These intervals assume stationary residuals. In practice, intervals should be wider during high-variance periods like wildfire season. A model that uses the same residual distribution year-round will undercover extreme events and overcover calm ones.
## Key takeaways
- **Never randomly split time series data.** Use temporal splits: train on the past, test on the future.
- **Walk-forward validation** reveals *when* your model breaks, not just how well it does on average.
- **Lag features are feature engineering** — yesterday's value, rolling averages, same-day-last-year are all transformations of the raw data.
- **Backtesting is not prediction.** A strategy that looks profitable in backtest may fail in production — the market already knows the same signals.

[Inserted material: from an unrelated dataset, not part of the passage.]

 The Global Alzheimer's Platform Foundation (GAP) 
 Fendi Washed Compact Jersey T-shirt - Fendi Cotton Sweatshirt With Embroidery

- **Distribution shift is the hardest problem.** Models trained on normal conditions fail during extreme events.
- **Use scale-independent metrics** (MAPE, MASE) to compare forecasts across different series. MASE < 1 means you beat the naive baseline.
- **Always report prediction intervals**, not just point forecasts. Bootstrap resampling of residuals is a simple, general-purpose method.
## Study guide
### Key ideas
- **Backtesting (temporal split):** Evaluating a model by training on past data and testing on future data, mimicking real deployment.
- **Data leakage:** When information from the future (or the test set) contaminates training, producing optimistically biased results. Random train/test splits create leakage in time series: test observations are correlated with nearby training observations.
- **Lag features:** Predictors constructed from past values of the time series (e.g., yesterday's value, 7-day rolling average).
- **Non-stationarity:** A time series whose statistical properties (mean, variance) change over time.
- **Walk-forward validation (time series cross-validation):** Repeatedly training on an expanding (or sliding) window of past data and testing on the next period. Reveals *when* a model fails, not just its average performance.
- **Distribution shift:** When future data comes from a fundamentally different regime than the training data. Models trained on normal conditions cannot predict unprecedented events.
- **Benchmark forecasting methods:** The naive forecast ("same as yesterday"), seasonal naive ("same day last year"), and drift method ("extrapolate the trend") are standard baselines. Any useful model must beat these.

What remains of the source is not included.